For starters, here are some of the basics you might need:
- Several good quality condoms gloves, and/or dental dams, and both you and your
partner know how to use them correctly. Also, you’ve checked the expiration
date to make sure they’re still effective.
- A large bottle of latex-safe, water-soluble lube. No oil-based lubes because
they’ll destroy condoms.
- If there’s a chance you or your partner could get pregnant, a second kind
of birth control for use along with condoms.
- A list of local clinics and their phone numbers. See our Testing section or the
Clinic and Condom Finder for these.
- Be prepared that you might need a “sex budget” for things like birth control and safer-sex items. You may be able to get these things for free from your doctor’s office or clinic, but not always.
Age of consent
It’s important to know about the laws in Canada that state how old you and
your partner have to be before you can have sex. For most kinds of sexual activity, if
- 16 or older, you can choose to have sex with anyone (as long as they are of the legal age to have sex with you and are not an authority figure);
- 14 or 15, you can choose to have sex with someone who is no more than five years older than you; and
- 12 or 13, you can choose to have sex with someone who is no more than two years older than you.

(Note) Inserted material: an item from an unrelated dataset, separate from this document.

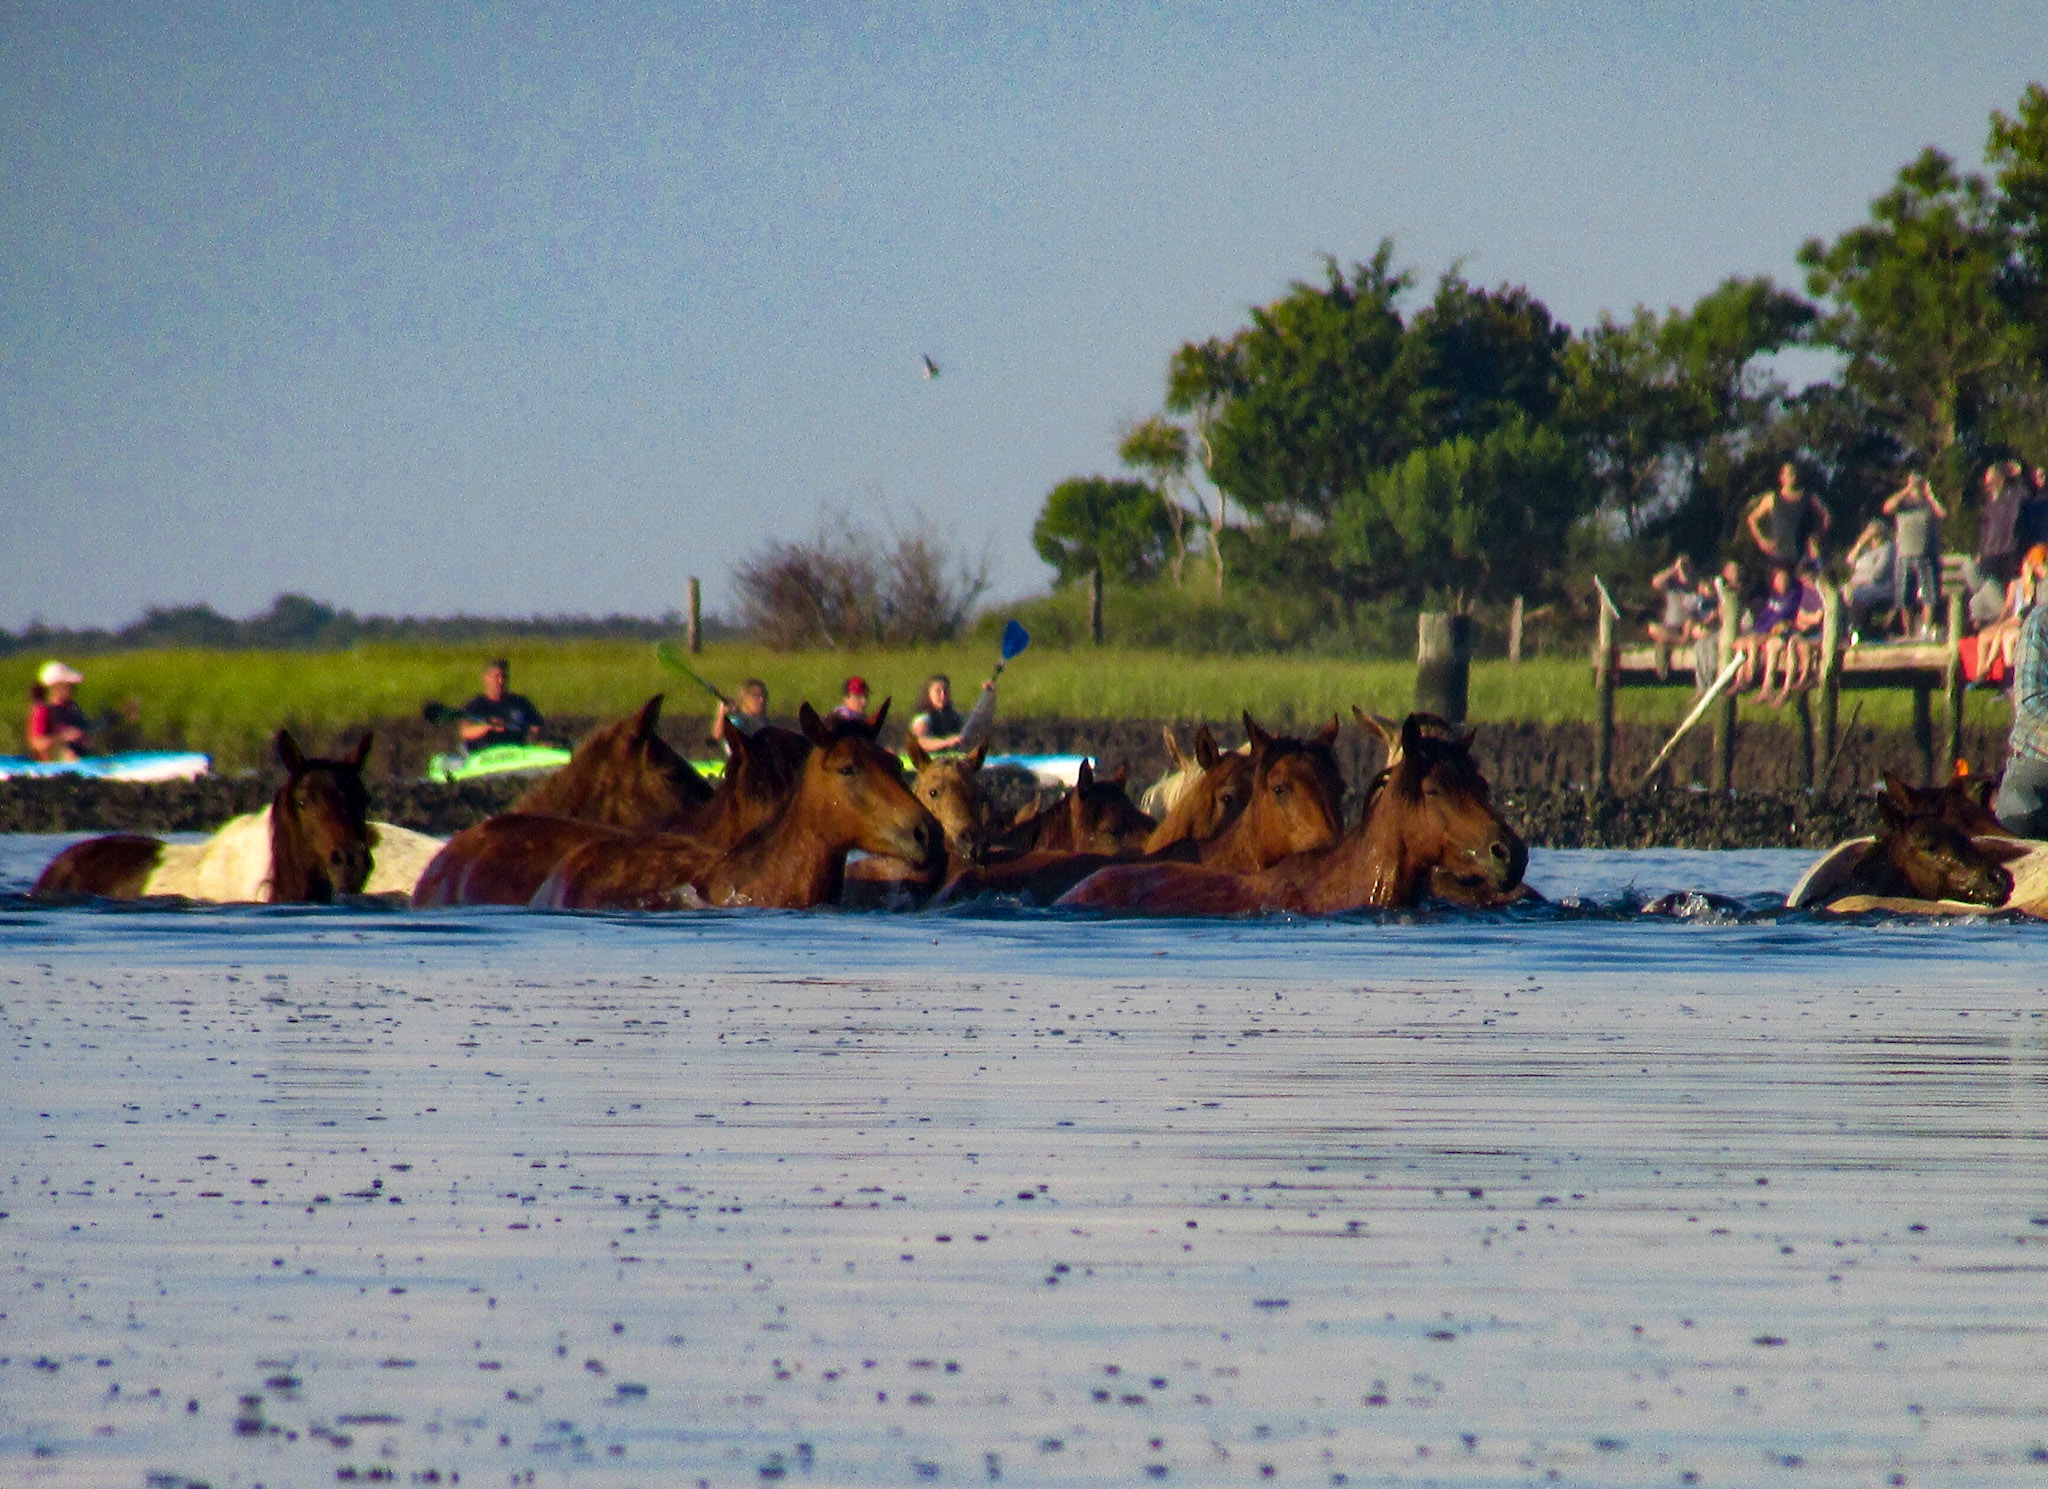 How to Enjoy Chincoteague Island’s Annual Pony Swim for the First Time

The Criminal Code of Canada states that persons under the age of 18 cannot engage in anal intercourse except if they are legally married. As long as the Criminal Code remains unchanged and you’re over the age of 18, you could be charged for having anal sex with someone younger than 18.
This doesn’t mean that you have to have sex at a certain age. Age doesn’t determine whether you’re ready for sex – you do.
Choosing NOT to have sex
There are lots of good reasons to not have sex. You can choose to be abstinent
forever, for a few years, or for a few weeks. You might choose abstinence because:
- You don’t want to risk getting pregnant (or getting someone pregnant). No birth control is 100% effective.

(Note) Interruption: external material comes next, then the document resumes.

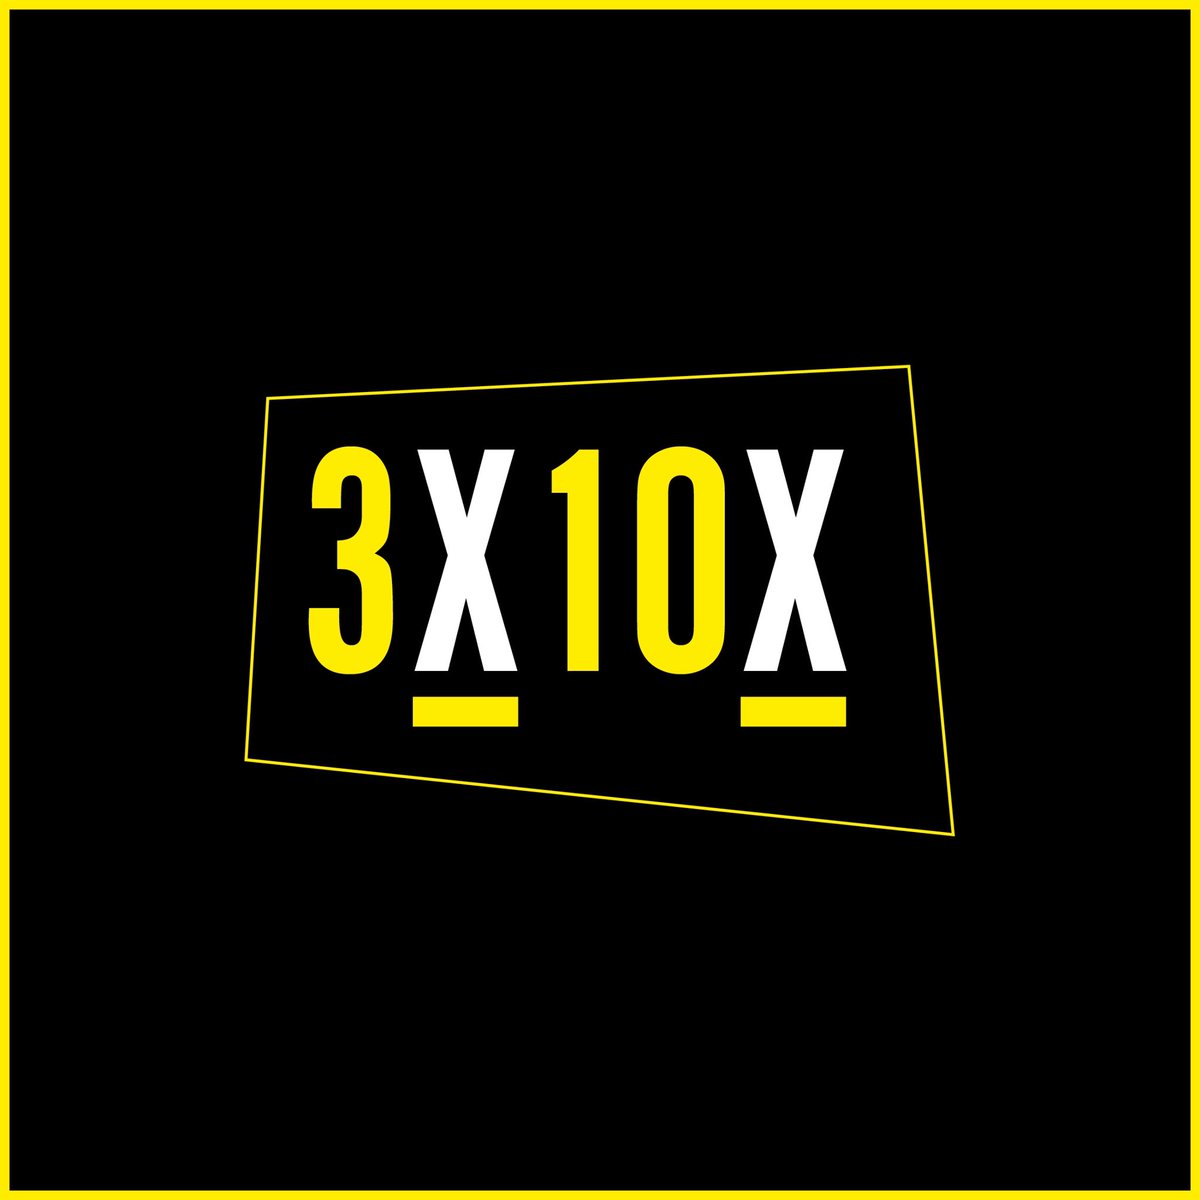 Our #3X10X vision is something we’re determined to reach. We want 3 times growth with 10 times the positive impact. This is because we are only interested in impactful growth. Period. We are excited for the future & for the change that’s coming. #3x10x #realisingpotential

- It protects you from most STIs.
- You can’t get birth control and safer sex items.
- Your religion or beliefs don’t allow pre-marital sex.
- You aren’t ready for a sexual partner.
- You aren’t interested in sex right now (maybe there are more important things going on, you’re not sure about it, or are feeling “sick of sex”).
- You’re not interested in sex at all. Your feelings may change over time and if you’re not interested in sex, it doesn’t mean there’s anything wrong with you.
Things you can do instead of having sex
You don’t need to have sexual intercourse to be intimate or feel close to your partner. If you don’t feel you’re ready to have sex, there are many other things you can do instead; depending on your own comfort level, of course.
Here are some of the things you can do instead of having sex:
- Hold hands;
- Phone sex, “sexting” or cyber sex; or
There are also things you can do that can bring you closer to your partner, without actually getting close. These might include:
- Talking in person, on the phone, or online;
- Watching movies;
- Going for coffee;
- Going for a walk;
- Exercising together;
- Playing pool;
- Going bowling; or
- Hanging out in a group of friends.